• **Available data**
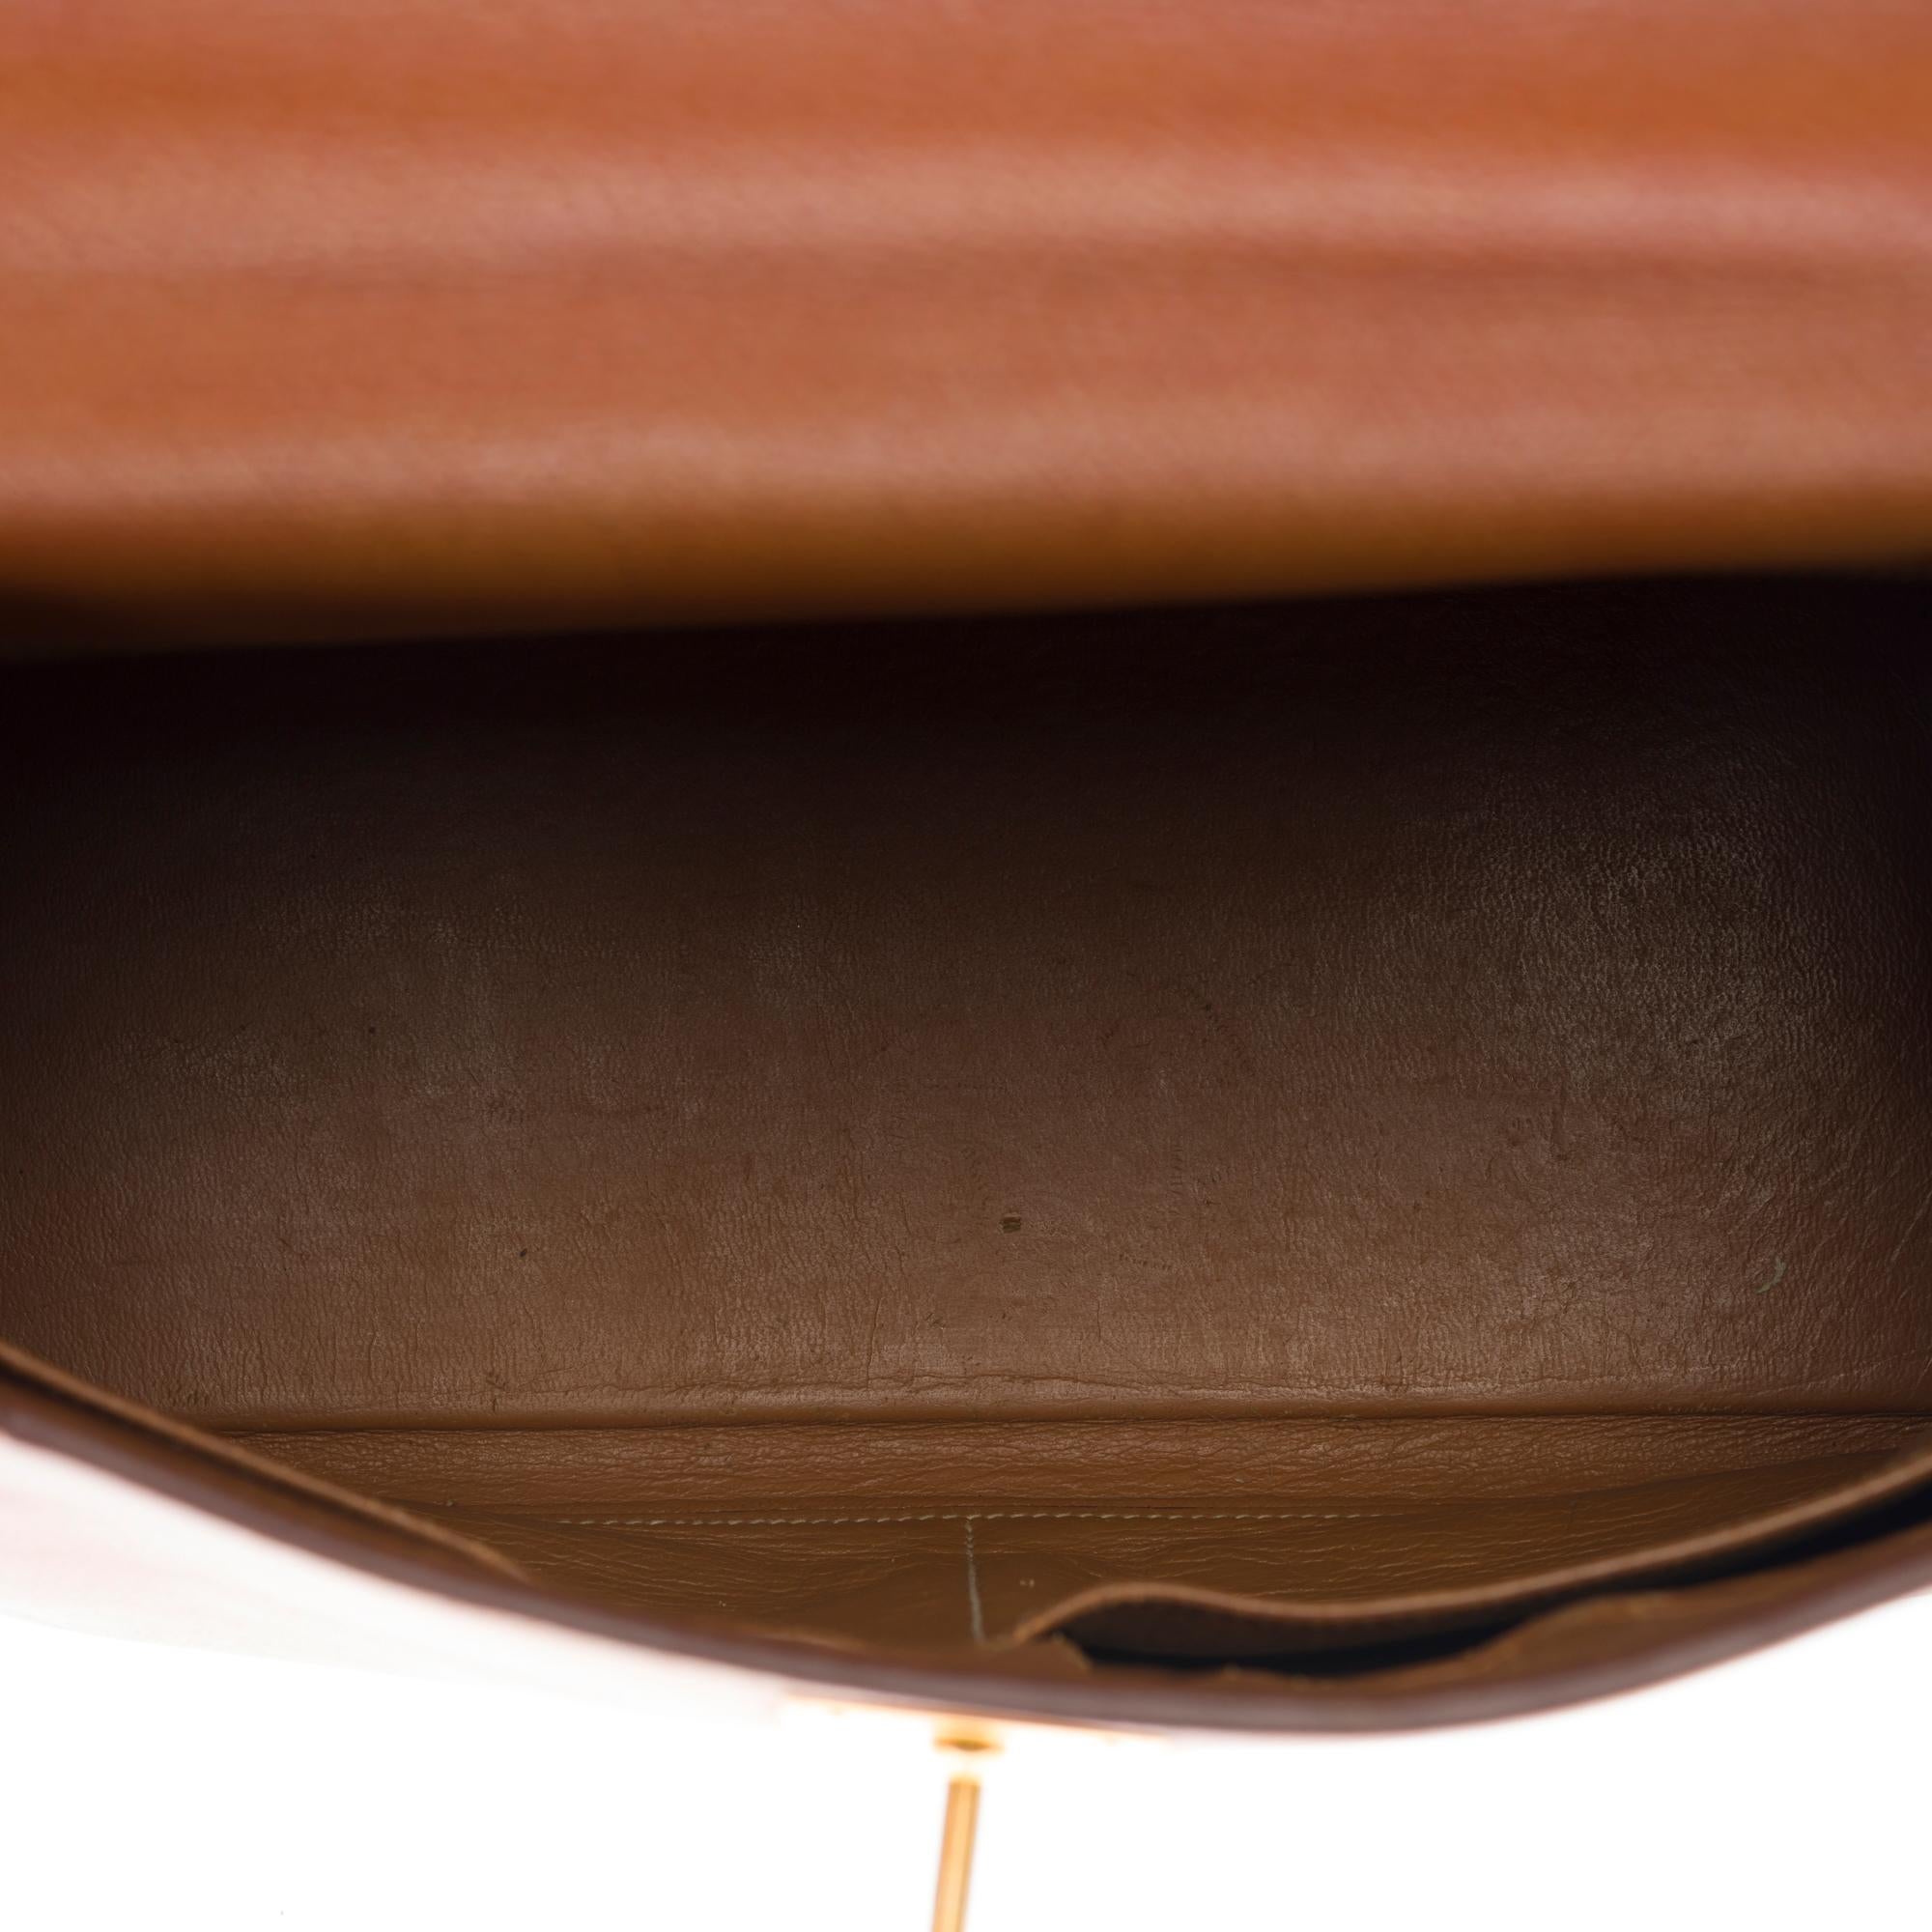 Hermès Kelly 28cm retourné handbag with strap in Gold Courchevel leather, GHW 2
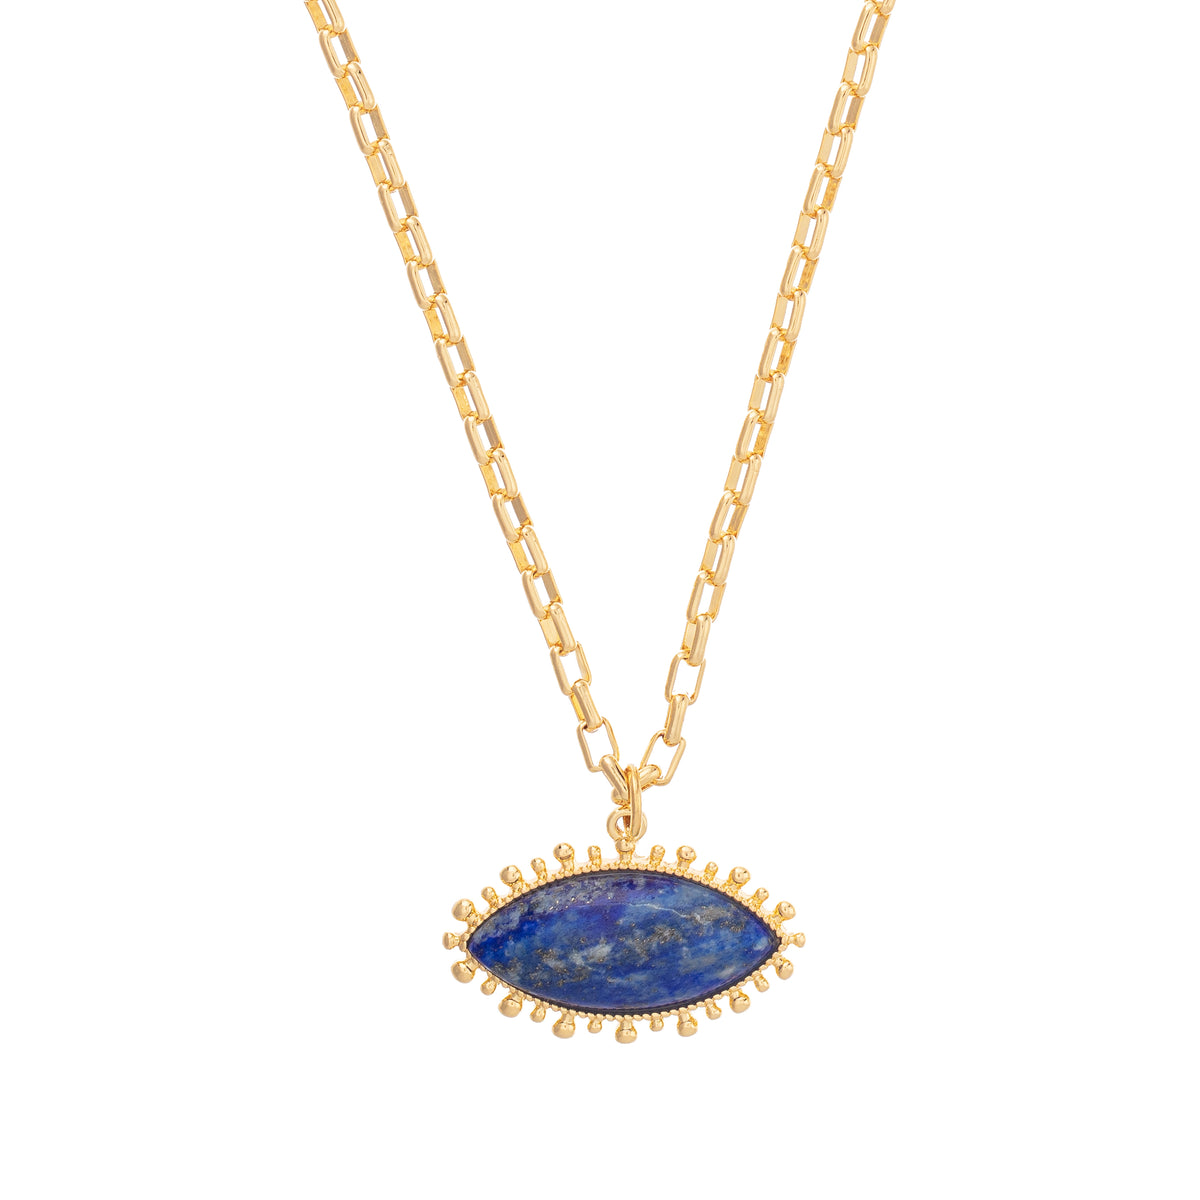 Evil eye lapis lazuli pendant necklace in gold plate
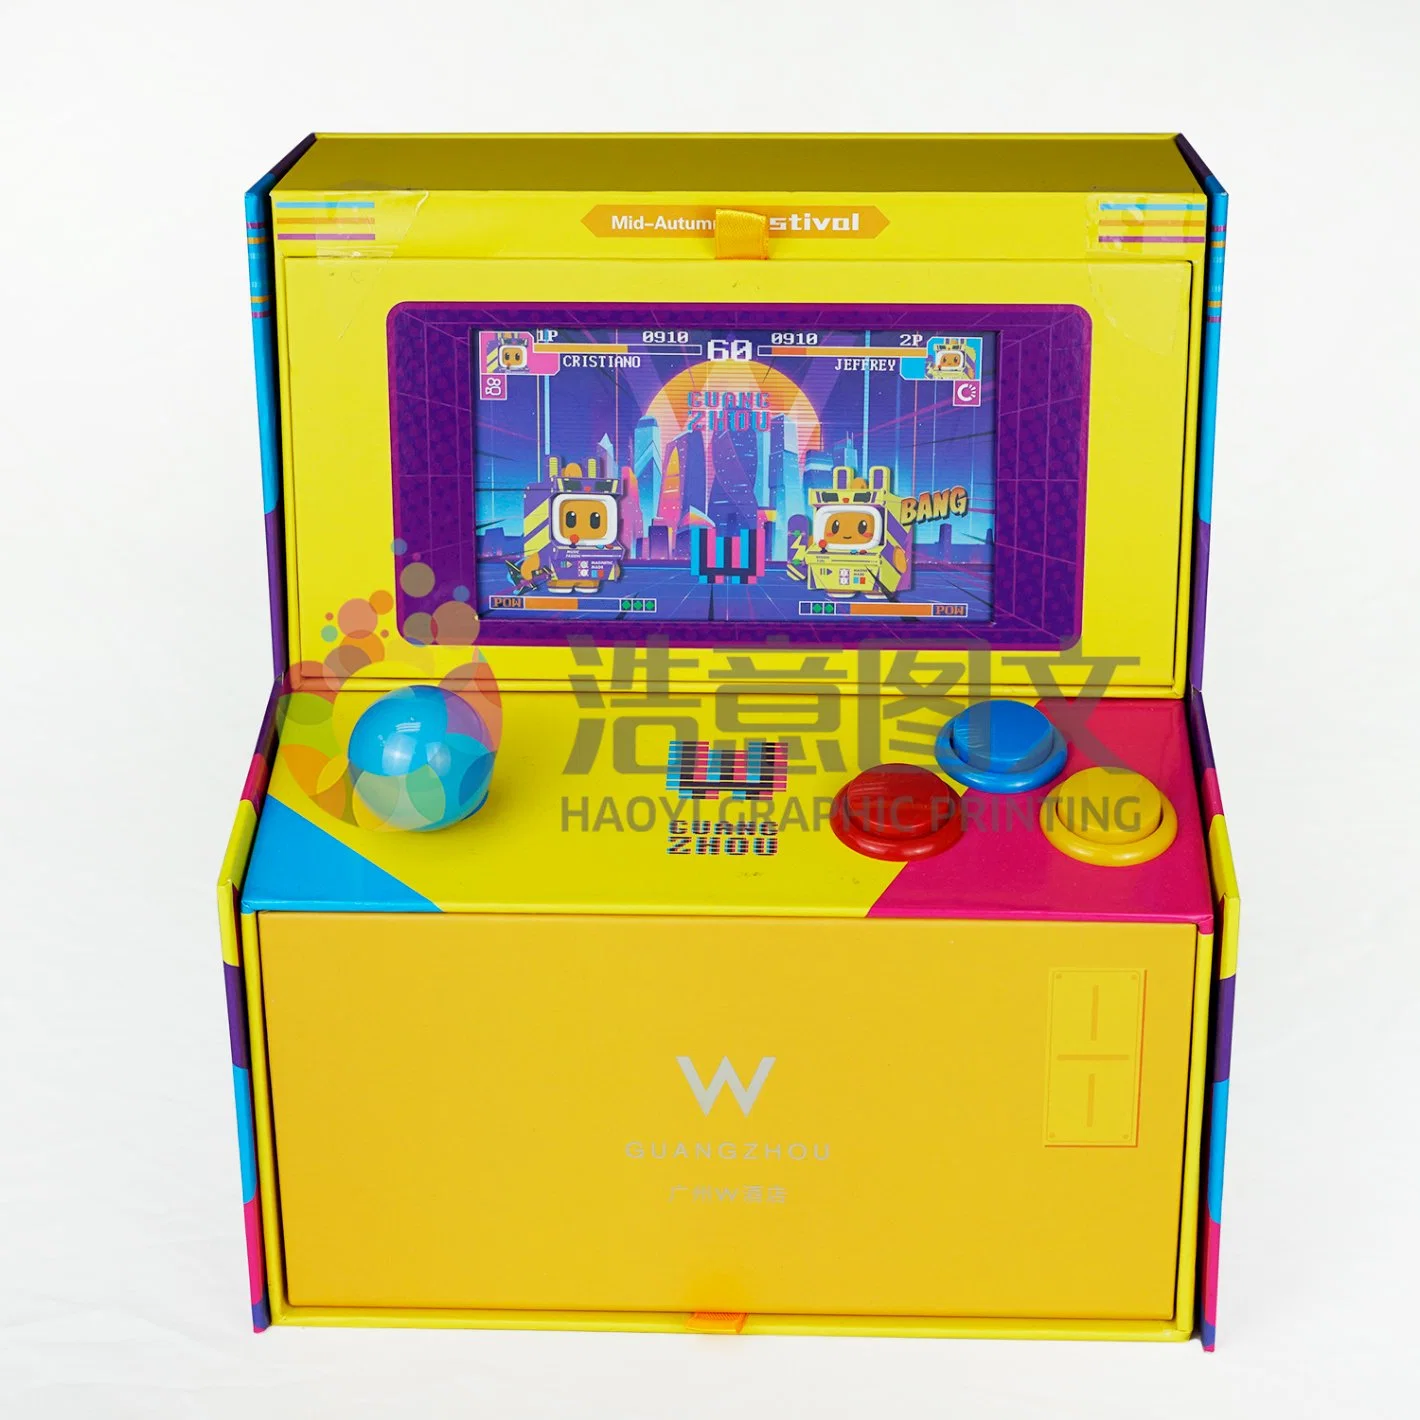 Custom Printed Premium Design Game Console Gift Wrap Cardboard Box

• **What to produce**
Repeat all the material exactly, but keep pictures out of the copy.

• **Expected answer**
 Hermès Kelly 28cm retourné handbag with strap in Gold Courchevel leather, GHW 2
 Evil eye lapis lazuli pendant necklace in gold plate
 Custom Printed Premium Design Game Console Gift Wrap Cardboard Box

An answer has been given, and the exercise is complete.